I'm reviewing a paper for a colleague, and I haven't seen this done before. Imagine that she has a sample of 100 houses, all of which include children who raise chickens. She includes a random term for household and finds that there is substantial household-level variance in chicken husbandry by kids. She then takes the household-level estimates (i.e., plus/minus relative to the model intercept) and uses them as an explanatory variable in an OLS model with households as the sampling unit. For example, she would predict something like household-level income while using the random-intercept estimates from the chicken analysis (and other covariates). At first glance, this might seem relatively straightforward, but I haven't encountered similar analyses, and I'm wondering about potential pitfalls . . . particularly given the variable number of kids in each house. Any thoughts? Thanks!

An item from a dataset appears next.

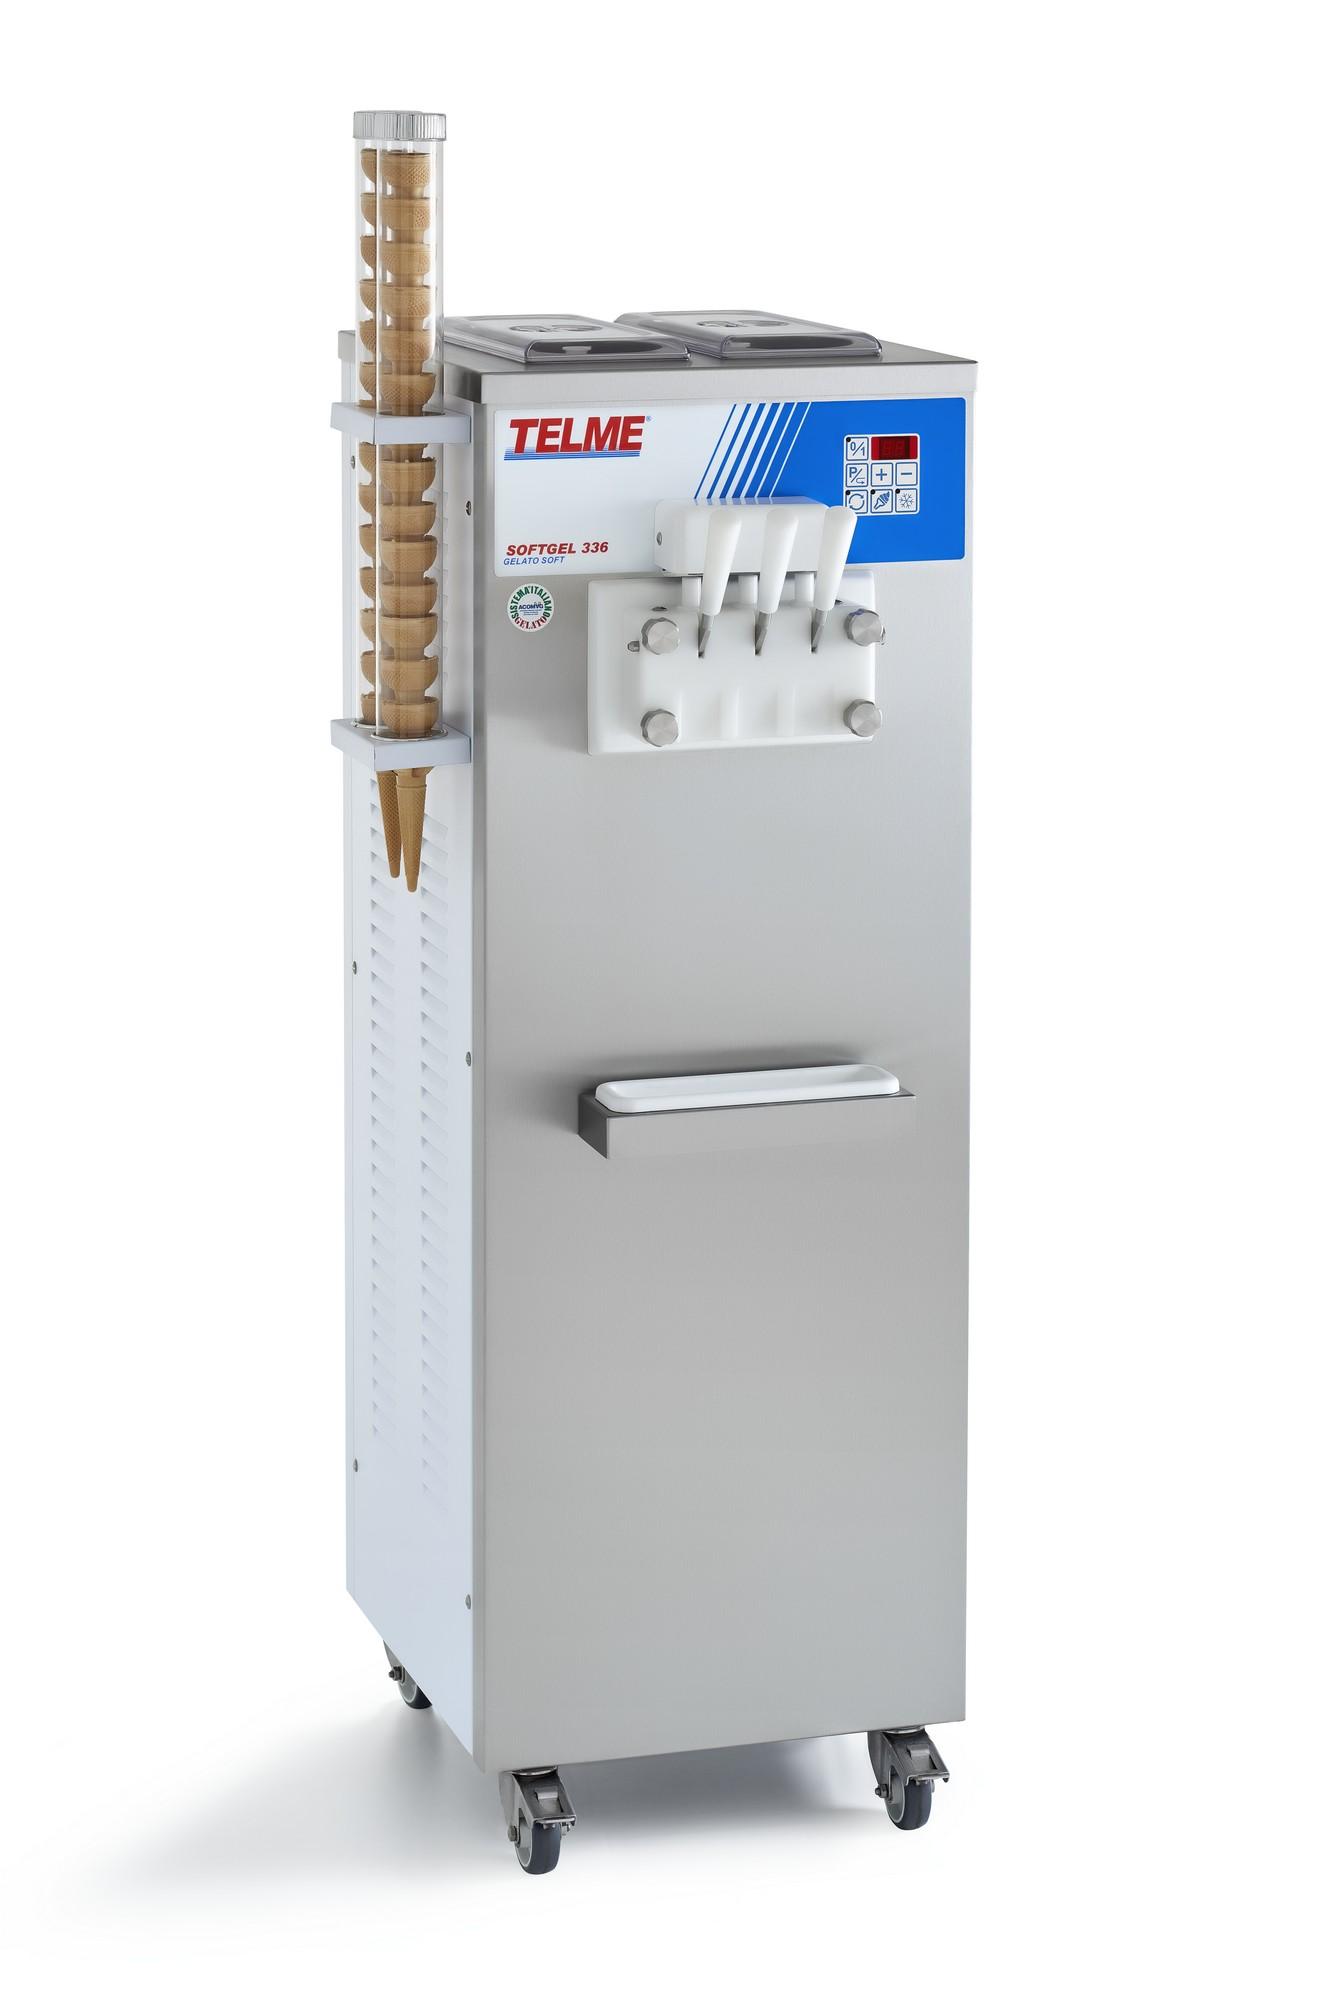 Softegel automat do lodów

Is it kosher to use random-intercept estimates as explanatory variables in another model?
4 messages · Jeremy Koster, Reinhold Kliegl, Gebregziabher, Mulugeta +1 more
The random effects are not independent "observations"; the amount of shrinkage depends on the model parameters which are estimated from all the data. So unless there is no shrinkage associated with the random effects this is not a good idea. It may be better to to think about including the other variables (plus suitable interaction terms) in the first model. Alternatively, a structural equation model may be a better path to pursue. Reinhold Kliegl
On Mon, Jun 6, 2011 at 7:55 PM, Jeremy Koster <helixed2 at yahoo.com> wrote:
I'm reviewing a paper for a colleague, and I haven't seen this done before. Imagine that she has a sample of 100 houses, all of which include children who raise chickens. ?She includes a random term for household and finds that there is substantial household-level variance in chicken husbandry by kids. She then takes the household-level estimates (i.e., plus/minus relative to the model intercept) and uses them as an explanatory variable in an OLS model with households as the sampling unit. ?For example, she would predict something like household-level income while using the random-intercept estimates from the chicken analysis (and other covariates). At first glance, this might seem relatively straightforward, but I haven't encountered similar analyses, and I'm wondering about potential pitfalls . . . particularly given the variable number of kids in each house. Any thoughts? Thanks!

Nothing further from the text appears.